Activity >>
Using the data below, return word for word every line from the one holding "結婚式 ハーフアップ ゆるふわ 3Dカラー ヘアスタイルや髪型の写真・画像" down to the one holding "除了短瀏海之外,SeulGi". Leave pictures out.

Listed records >>
-*-

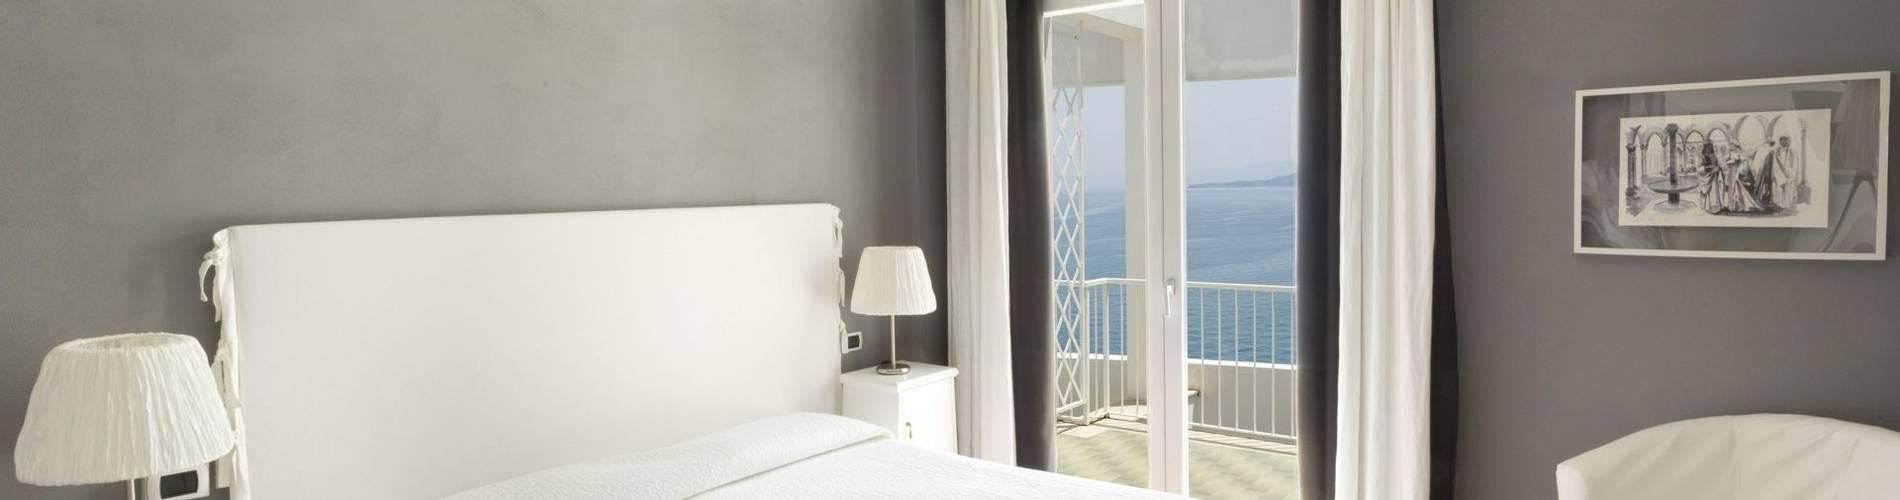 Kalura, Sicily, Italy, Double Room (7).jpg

-*-

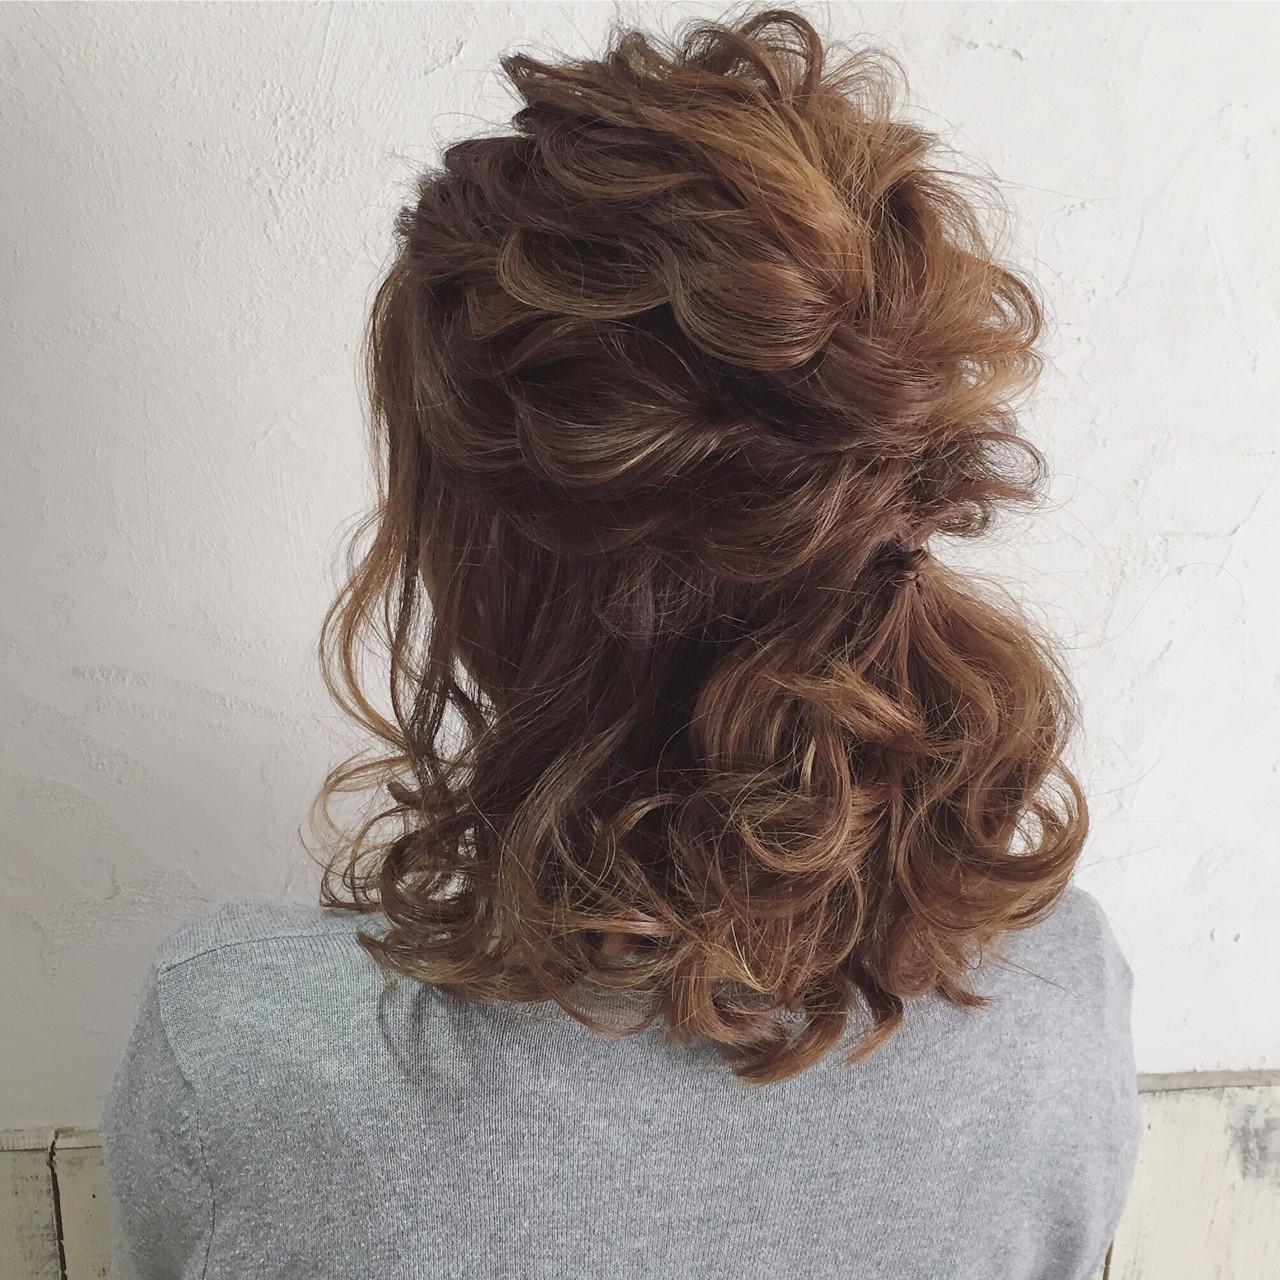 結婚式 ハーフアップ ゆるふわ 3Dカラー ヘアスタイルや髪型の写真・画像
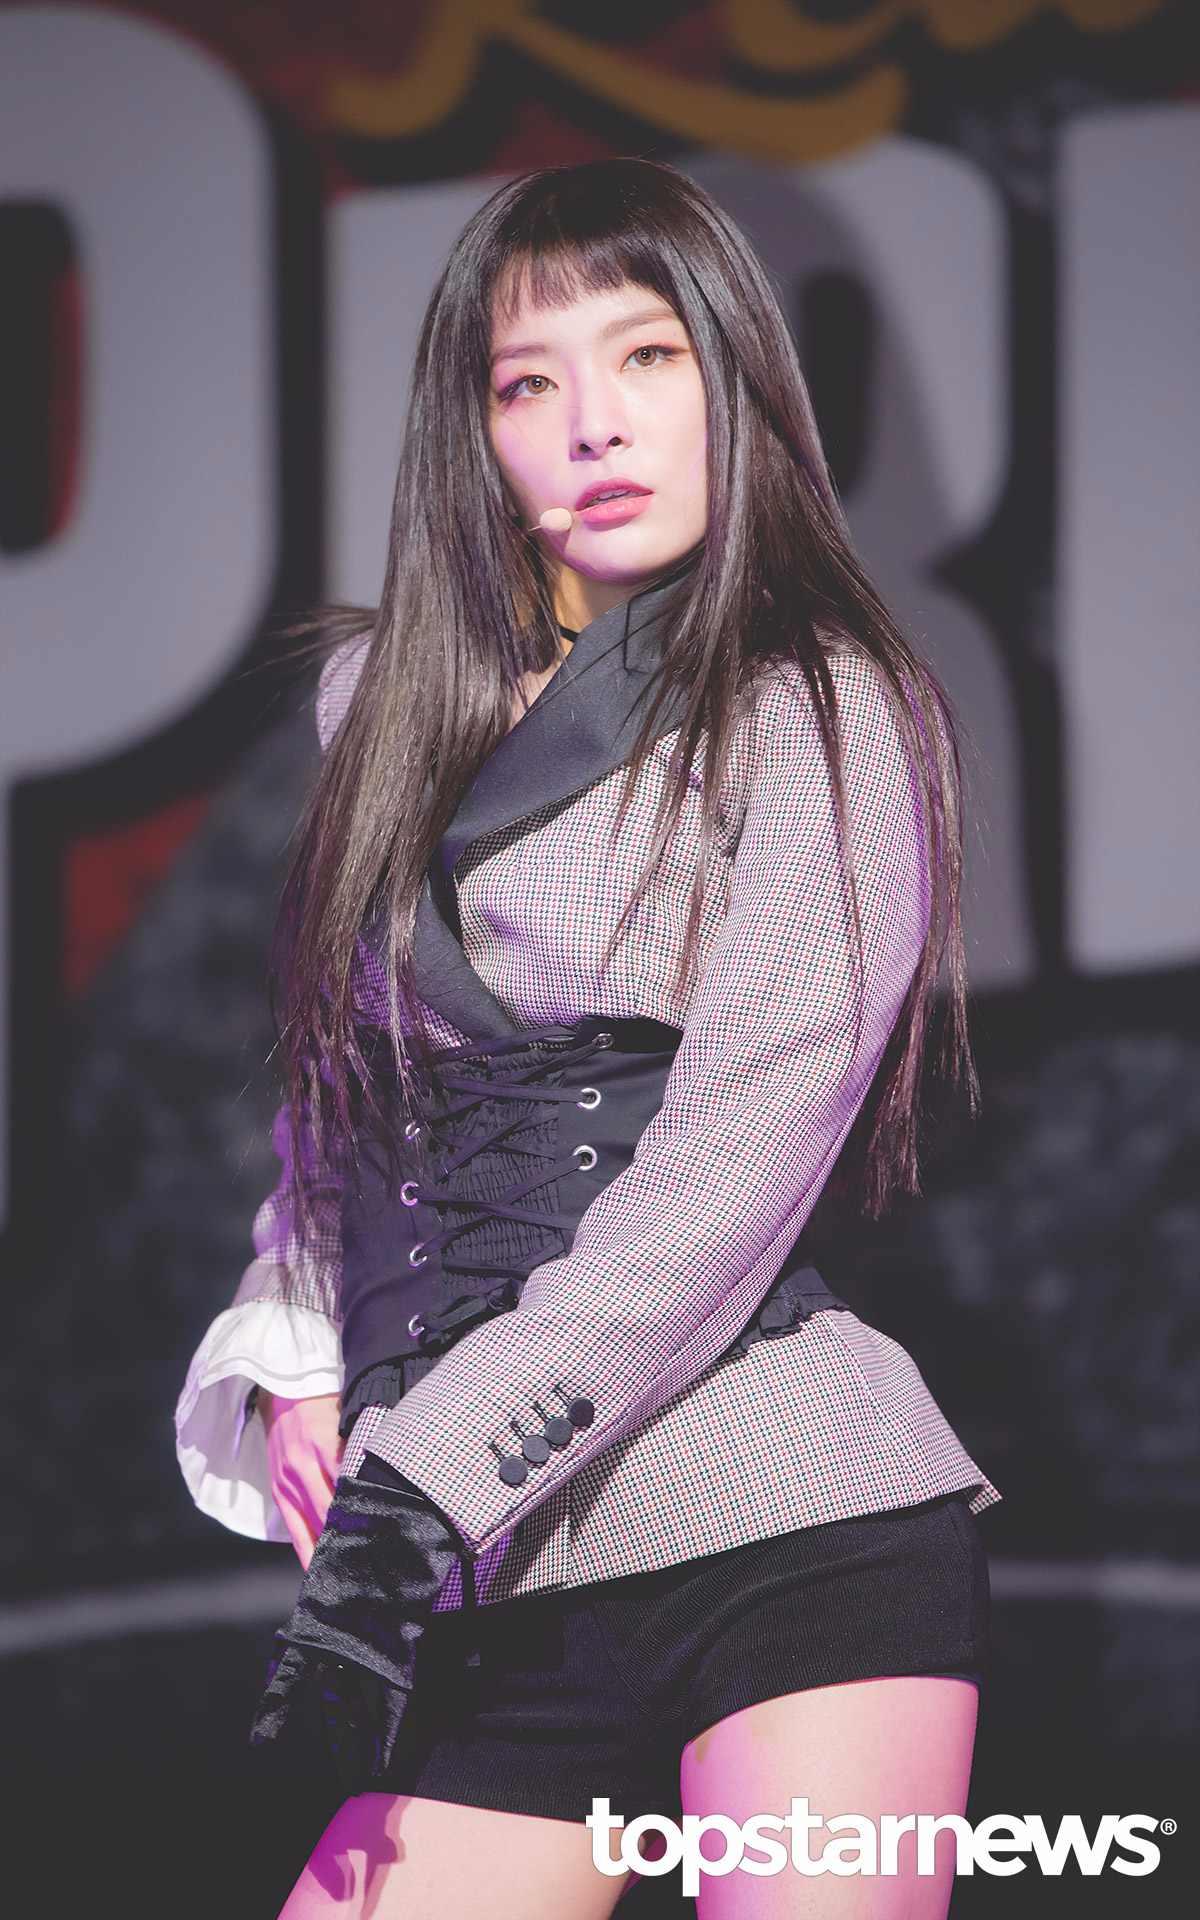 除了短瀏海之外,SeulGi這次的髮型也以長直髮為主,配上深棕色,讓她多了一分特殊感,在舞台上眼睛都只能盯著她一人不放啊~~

-*-

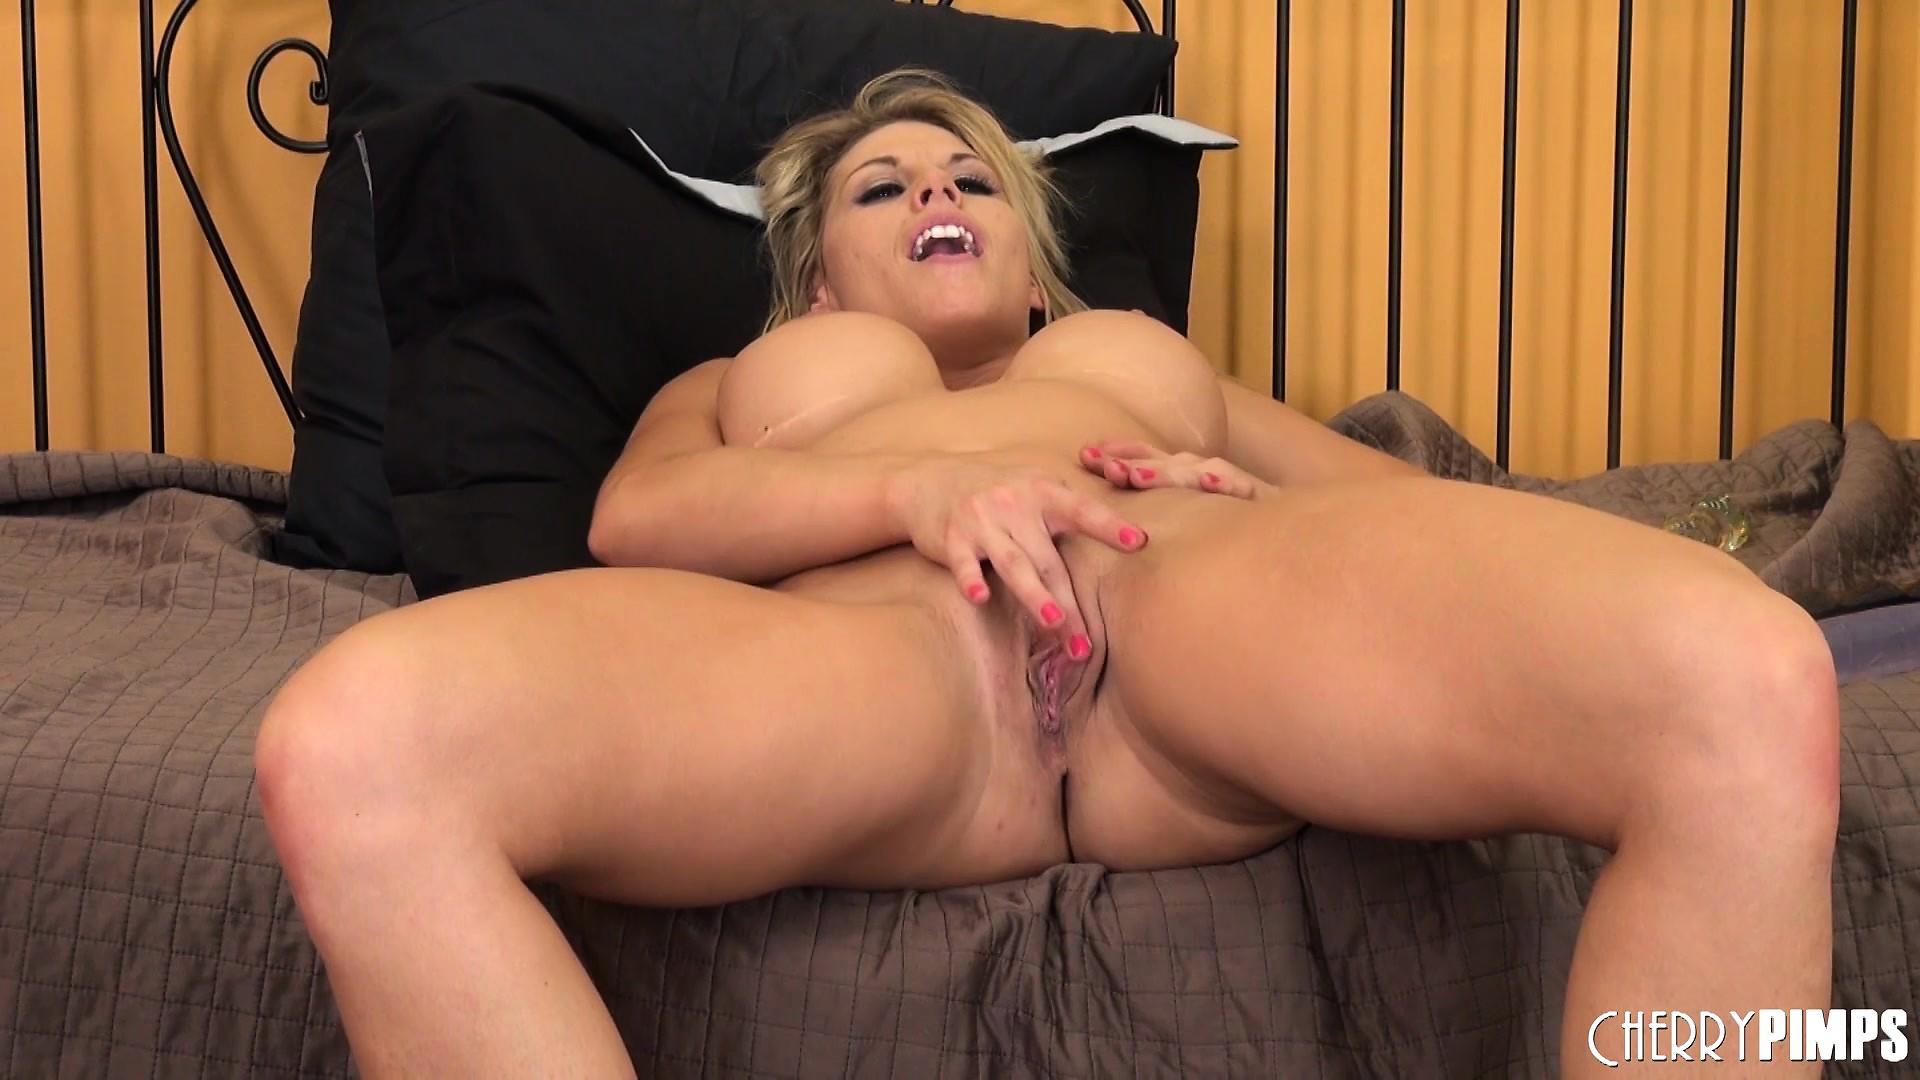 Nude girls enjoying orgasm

-*-

Output >>
 結婚式 ハーフアップ ゆるふわ 3Dカラー ヘアスタイルや髪型の写真・画像
 除了短瀏海之外,SeulGi這次的髮型也以長直髮為主,配上深棕色,讓她多了一分特殊感,在舞台上眼睛都只能盯著她一人不放啊~~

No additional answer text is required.